They stared at a red light, and waited, then crossed the street.

“I don’t like happy people,” Andrew said. “They’re already happy; they don’t need to be liked.”

“Wow, so selfless,” Mark said. “You’re a saint. I commend your selflessness. Amazing.”

“Sometimes you get sarcastic like that,” Andrew said. “It’s good. How can you be that sarcastic and still sincerely enjoy Batman?”

“Because I’m not a snob.”

“Oh.”

There was a dark alleyway and Andrew saw an alien, behind which was a moose.

A bear pushed Mark and Andrew into the dark alleyway.

“Watch,” the bear said.

The bear disappeared and appeared three feet to the left.

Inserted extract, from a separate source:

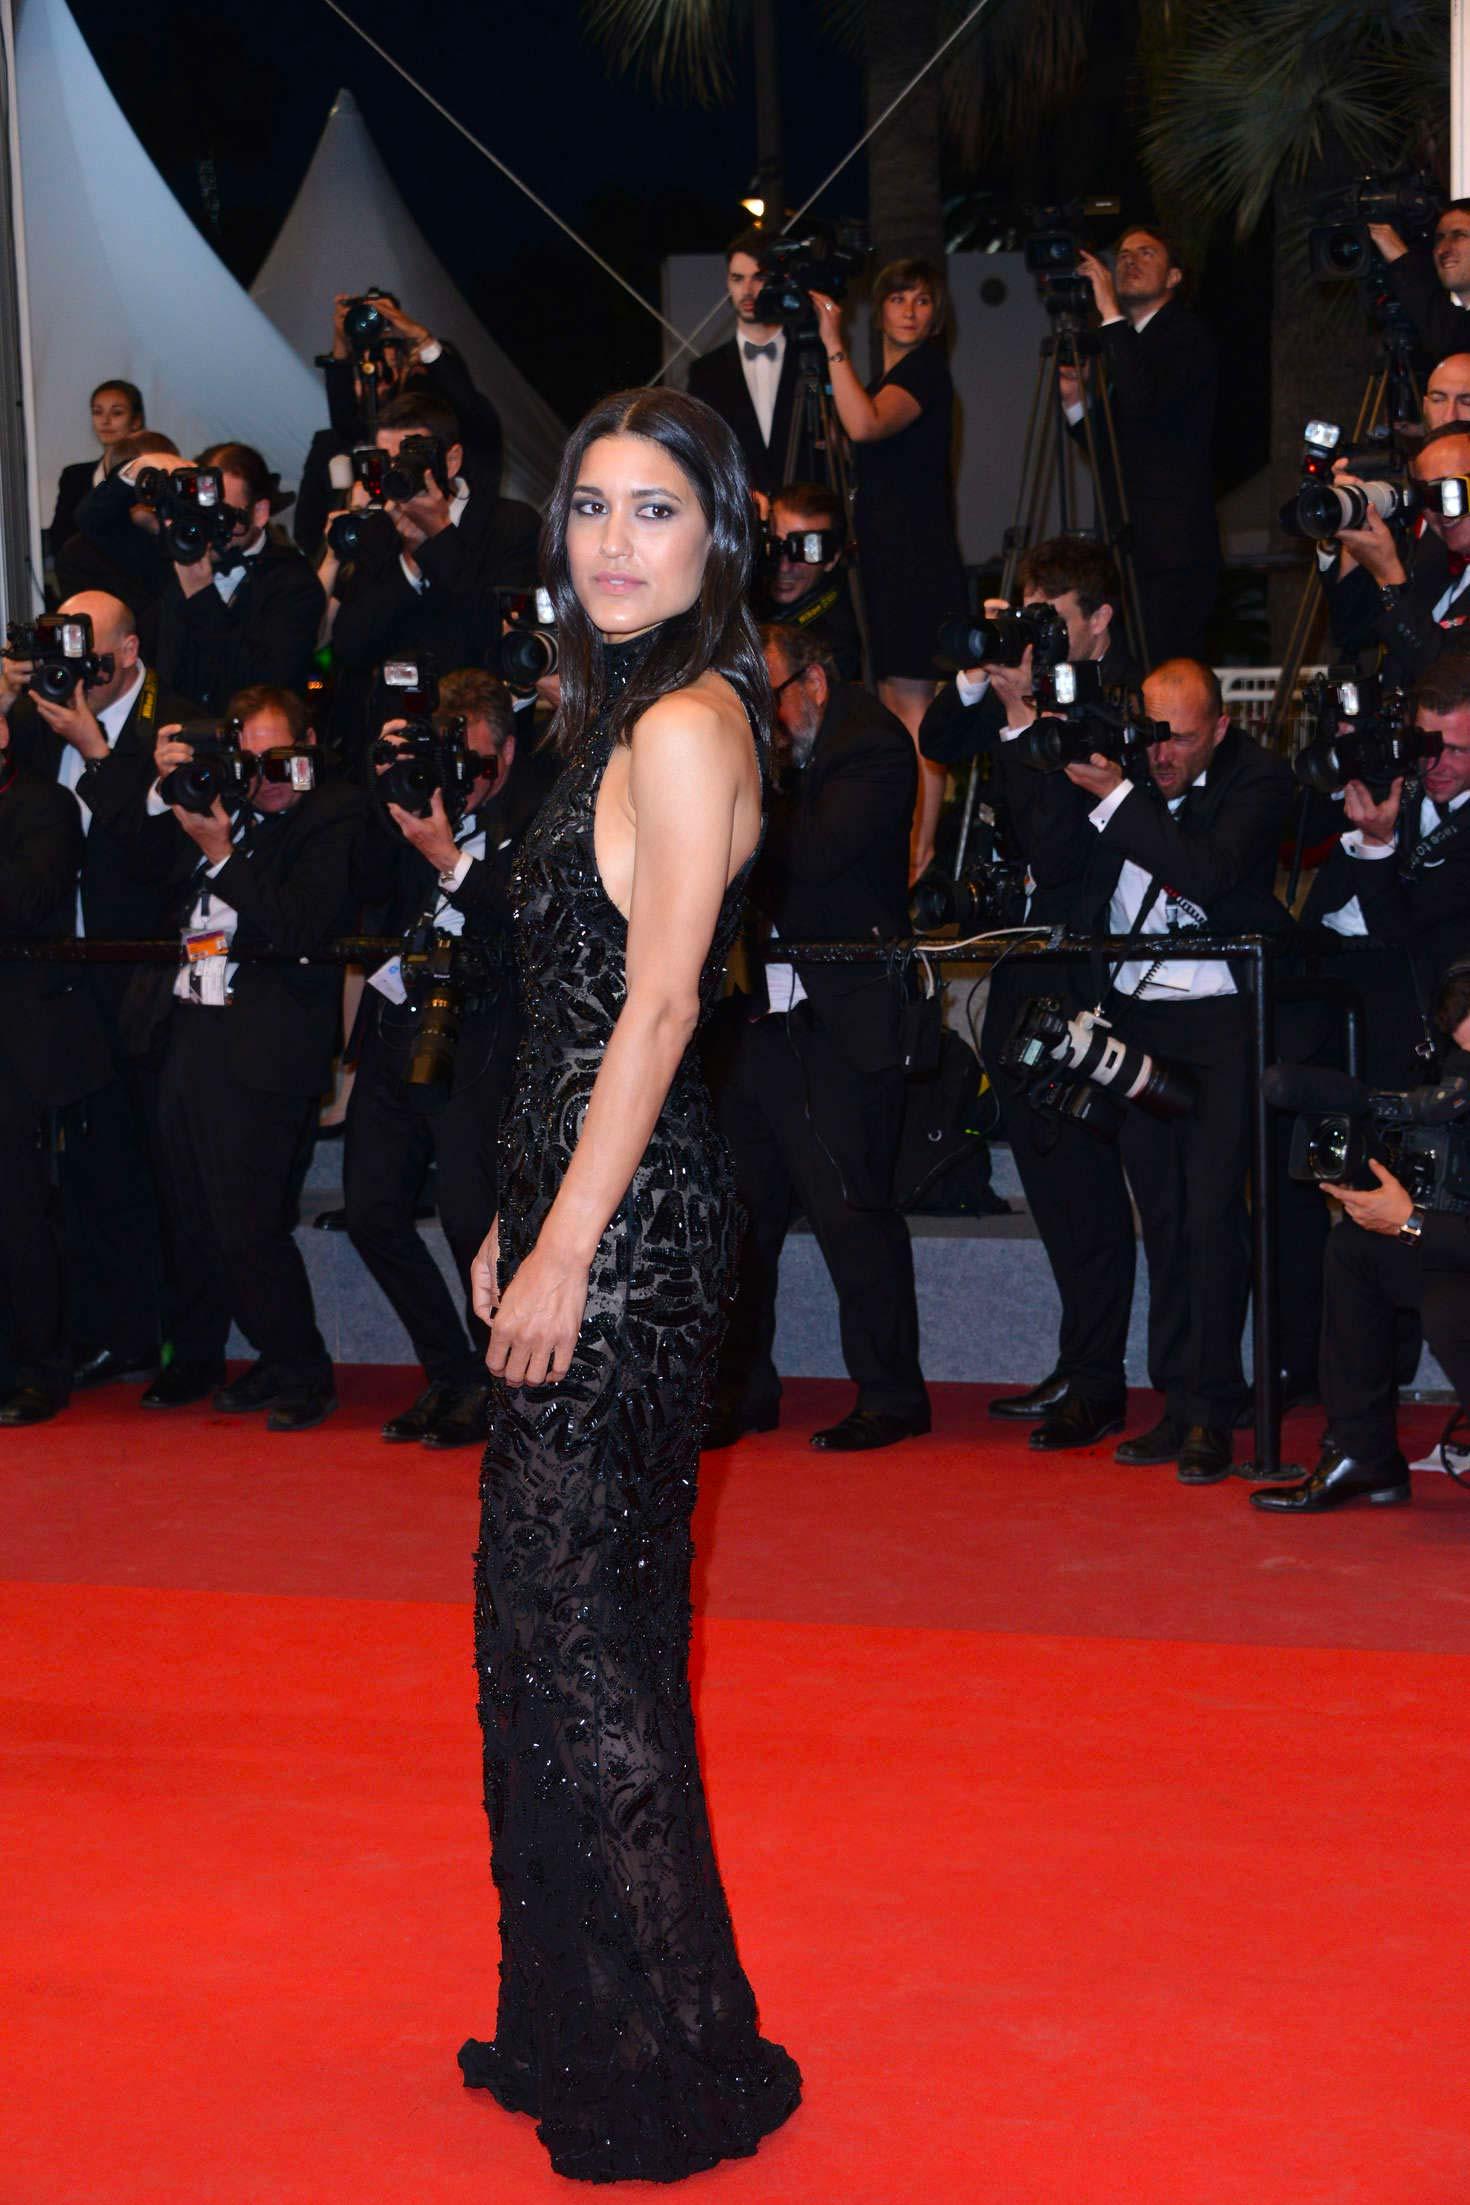 Cannes 2017 - Day 4 - The Square première - Actress Julia Jones

“What did I just do?” the bear said.

“Teleport,” Mark said.

The bear disappeared and appeared one foot above the ground and dropped to the ground and bent at the knees a little.

The bear disappeared and appeared laying on its back.

The bear disappeared and appeared standing five feet away.

“I’m bored,” the bear said. “I’m teleporting.”

The bear walked to Mark.

The bear shoved Mark’s shoulder a little.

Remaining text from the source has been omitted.